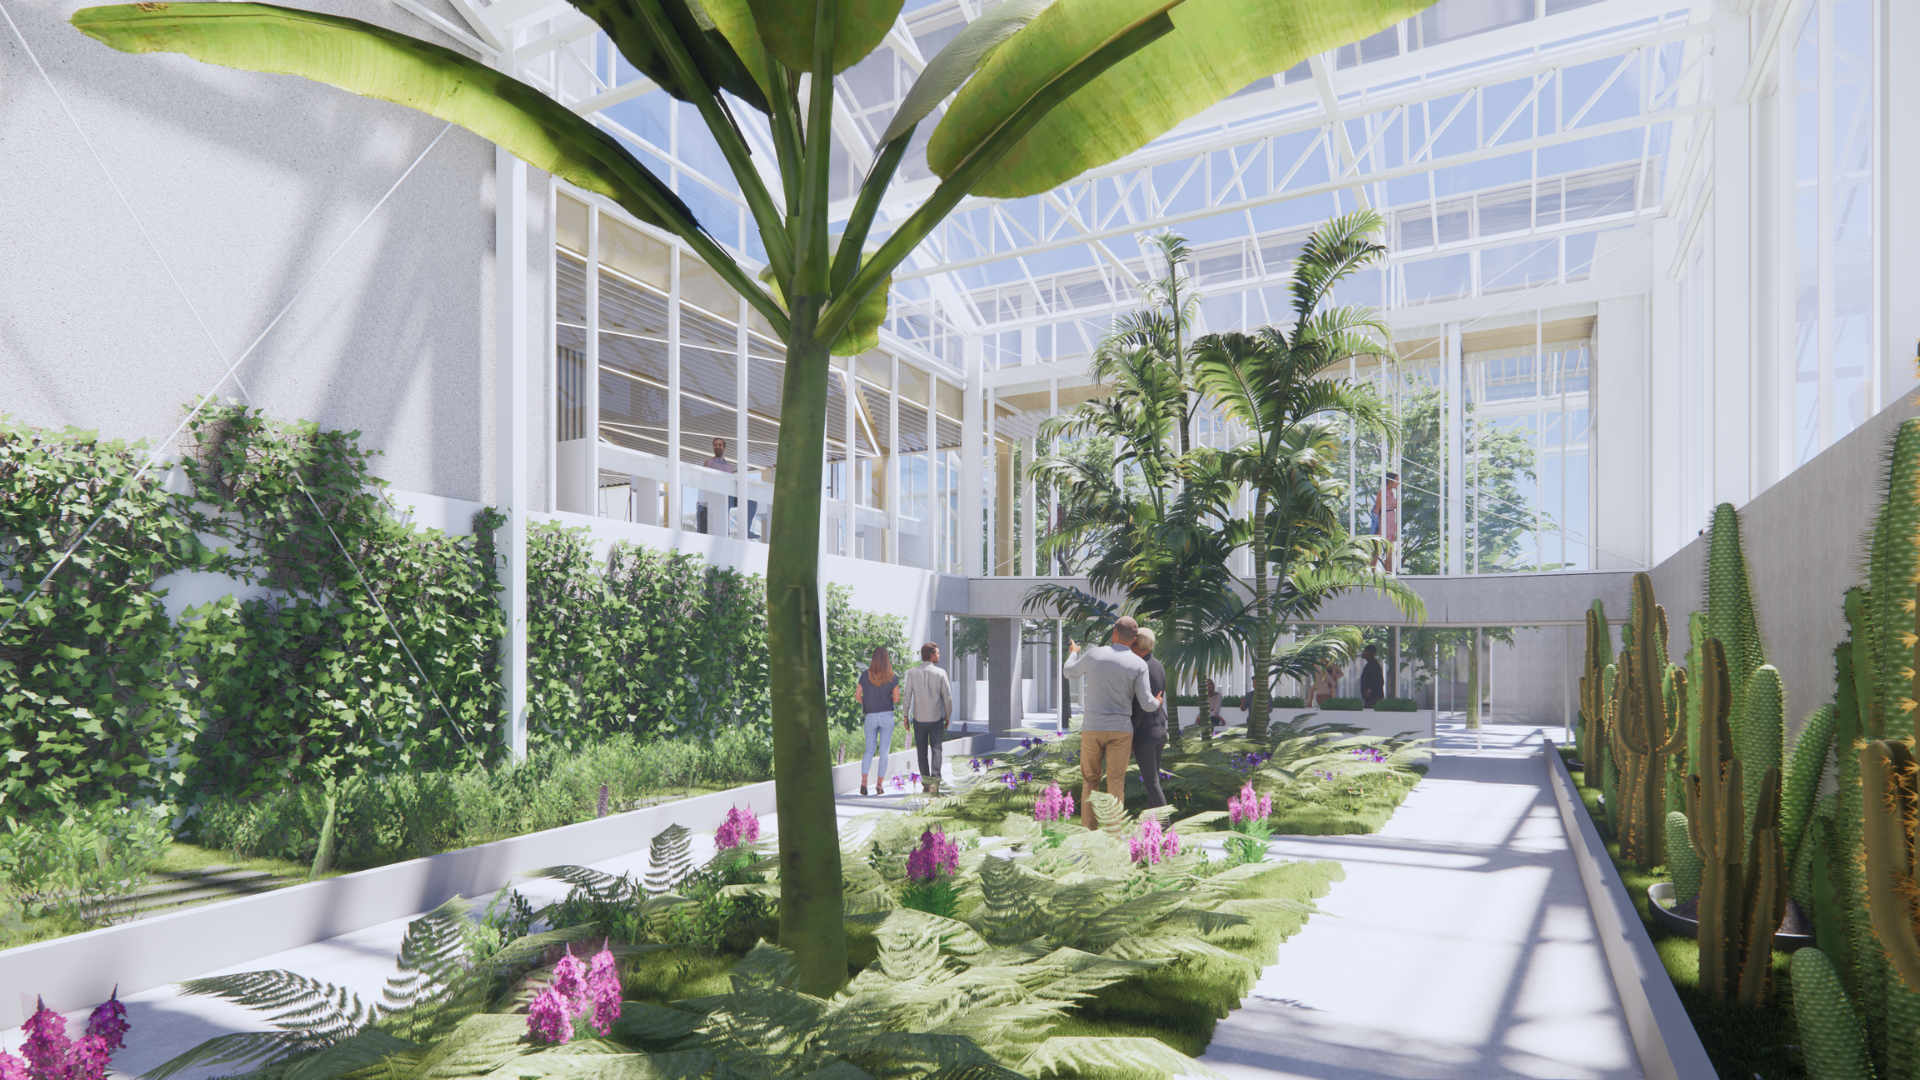 An artist's rendering of the interior of a greenhouse
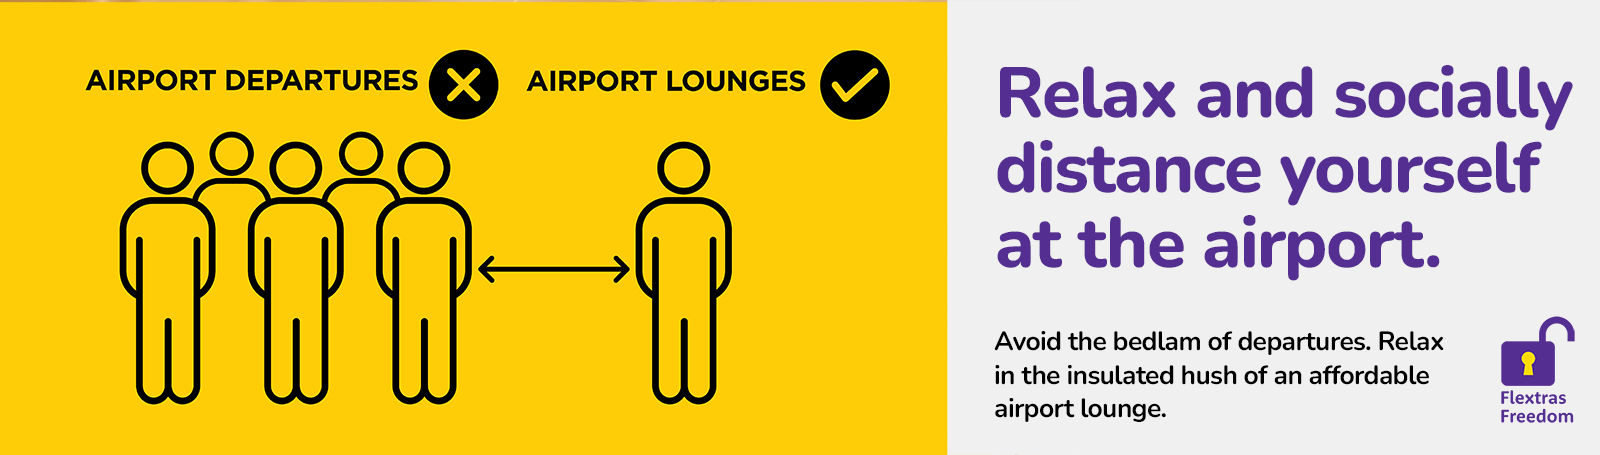 airport lounges relax and socially distance yourself at the airport
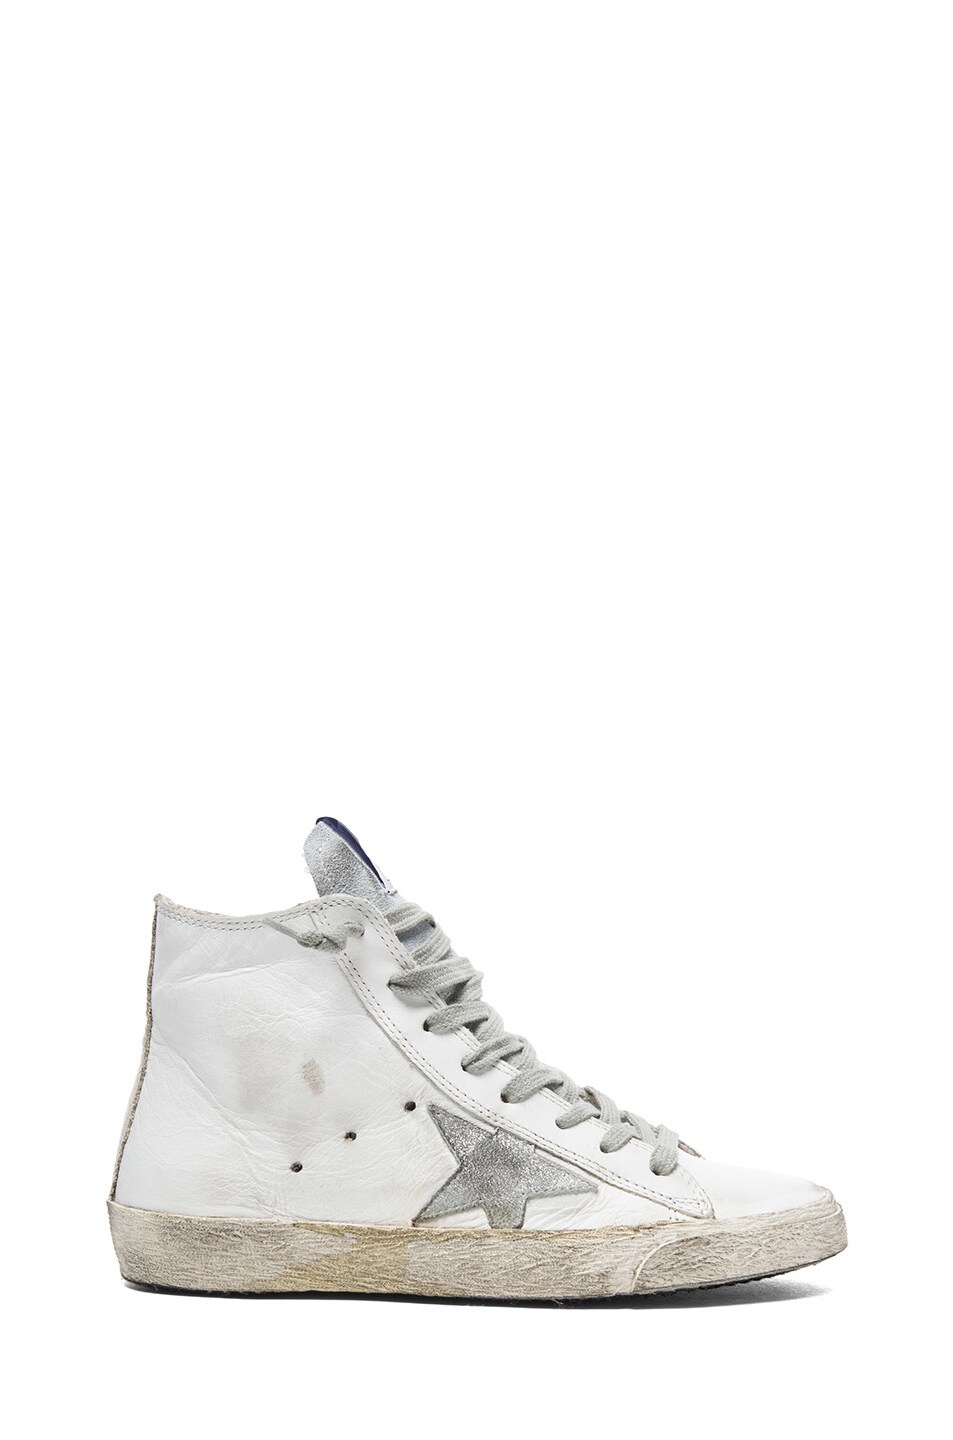 Image 1 of Golden Goose Francy Leather Sneakers in White & Silver
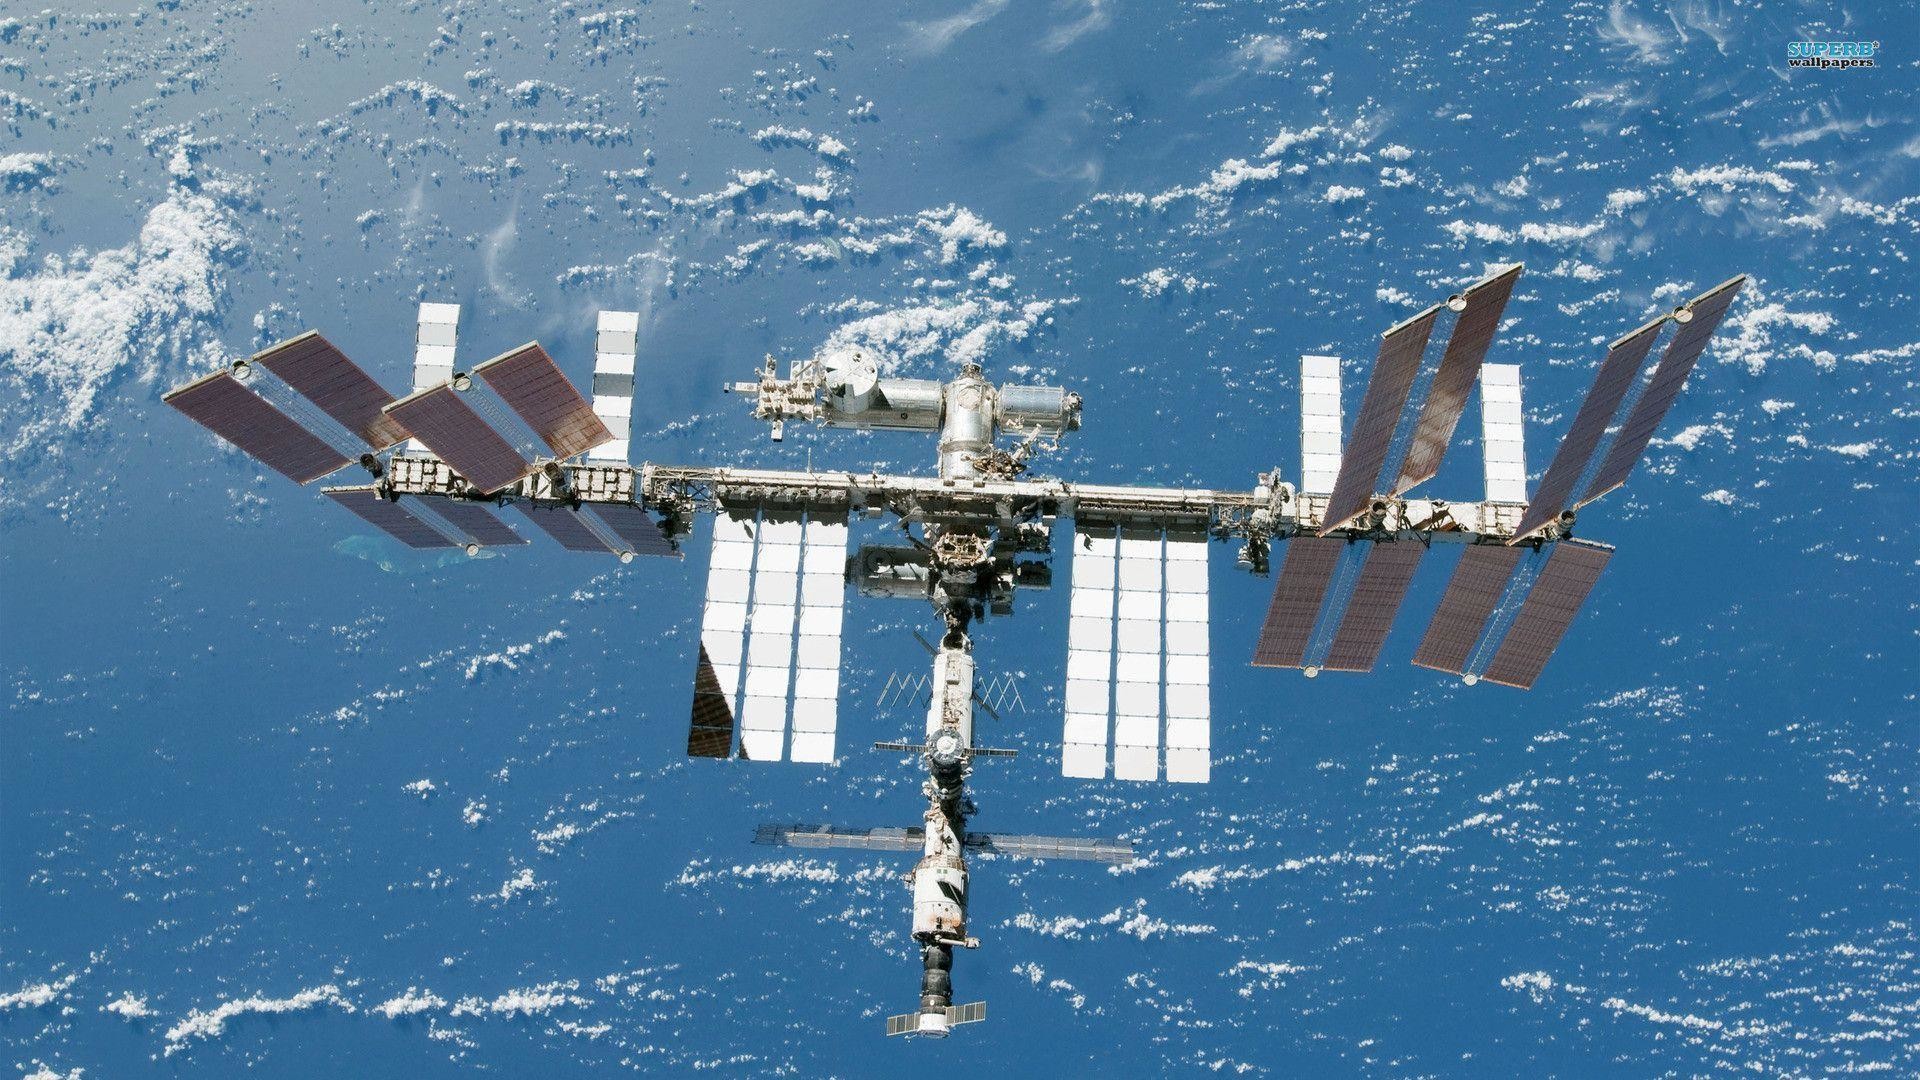 1920x1080 International Space Station wallpaper - Space wallpapers - #

■ ■ ■ ■ ■

Work required: Copy exactly what appears from the line holding "Image 1 of Golden" to the end of the material, keeping both end lines. Pictures are not part of the copy.

Reply:
 Image 1 of Golden Goose Francy Leather Sneakers in White & Silver
 1920x1080 International Space Station wallpaper - Space wallpapers - #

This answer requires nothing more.